Thomas Toby L. 4
4 · FIRSTENERGY CORP · Filed Feb 13, 2026
Research Summary
AI-generated summary of this filing
FirstEnergy (FE) COO Thomas Toby L. Receives 23,945.741-Share Award
What Happened
Thomas Toby L., Chief Operating Officer of FirstEnergy Corp. (FE), was reported as acquiring 23,945.741 shares on February 11, 2026 as an award (reported as a derivative acquisition at $0.00). The filing states these are performance-adjusted restricted stock units (RSUs) for which the company’s Board certified satisfaction of performance goals on February 11, 2026. The RSUs are payable following vesting (see key details).
Key Details
- Transaction date: February 11, 2026; Form 4 filed February 13, 2026 (timely).
- Amount acquired: 23,945.741 shares; reported price: $0.00 (award/derivative).
- Nature of award (Footnote F3): These are performance-adjusted RSUs granted Nov 30, 2023; performance goals were certified Feb 11, 2026, and the RSUs will vest on March 1, 2026, generally subject to continued service. Each vested unit will be paid 2/3 in FirstEnergy common stock and 1/3 in cash.
- Other footnotes: Balance figures were updated to reflect dividend reinvestments (F1). The company’s 401(k) unitized stock fund holdings are estimated as of Jan 31, 2026 (F2). The filing also notes the company maintains phantom stock payable in cash on retirement/termination (F4).
- Shares owned after transaction: Not specified in the provided excerpt; the filing indicates balances have been updated for dividend reinvestment.
Context
- This was an awarded/vesting-related transaction (not an open‑market purchase or sale). Awards and vesting events reflect compensation and performance plan outcomes rather than direct buying or selling by the insider.

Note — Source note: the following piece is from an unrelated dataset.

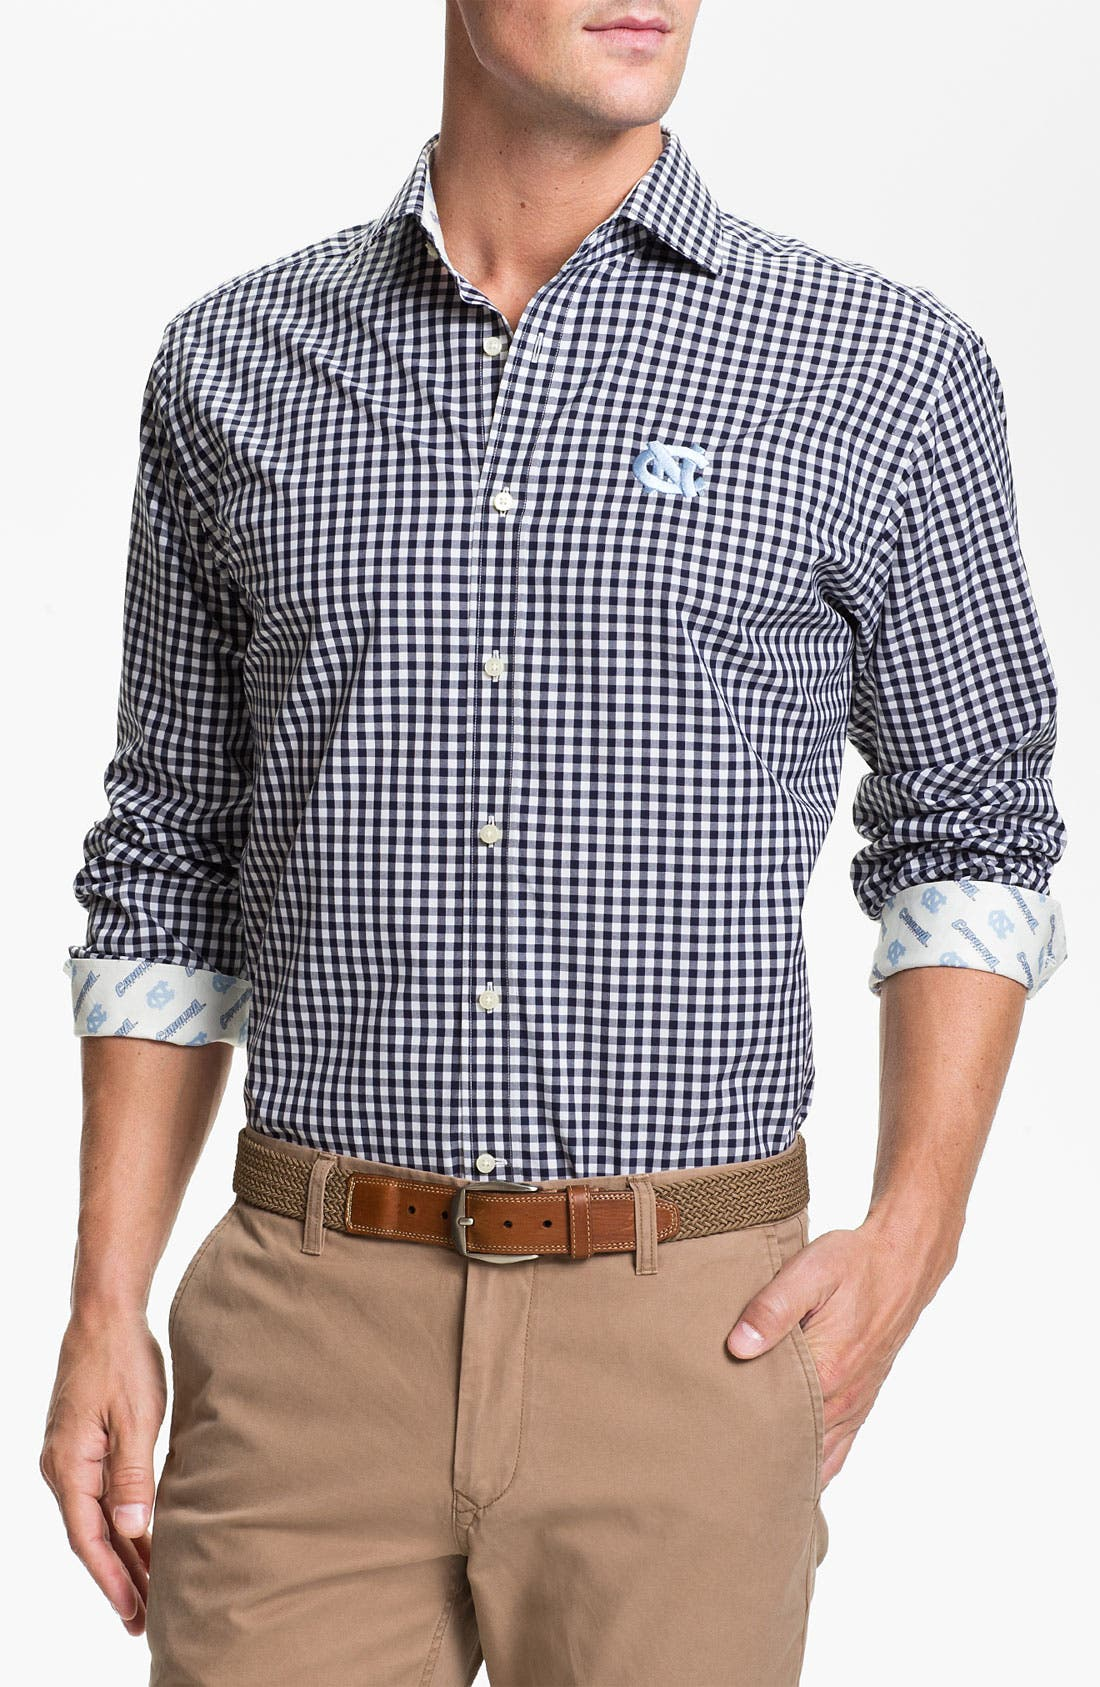 Alternate Image 1 Selected - Thomas Dean 'University of North Carolina' Gingham Sport Shirt

- The RSUs here are partly cash-settled (1/3) and partly settled in stock (2/3) when they vest, so the eventual share issuance will be lower than the full unit count.
- No indication in the filing that the transaction was part of a sale, gifting, or 10b5-1 plan.
Insider Transaction Report
Form 4
Thomas Toby L.
Chief Operating Officer
Transactions
- Award
RSU
[F3]2026-02-11+23,945.741→ 23,945.741 total→ Common Stock (23,945.741 underlying)
Holdings
- 25,780.103
Common Stock
[F1] - 525.908(indirect: By Savings Plan)
Common Stock
[F2] - 11,057.406
Phantom 3/25D
[F4]→ Common Stock (11,057.406 underlying)
Footnotes (4)
- [F1]Balance has been updated since the reporting person's last filed Form 4 to include shares acquired through dividend reinvestments.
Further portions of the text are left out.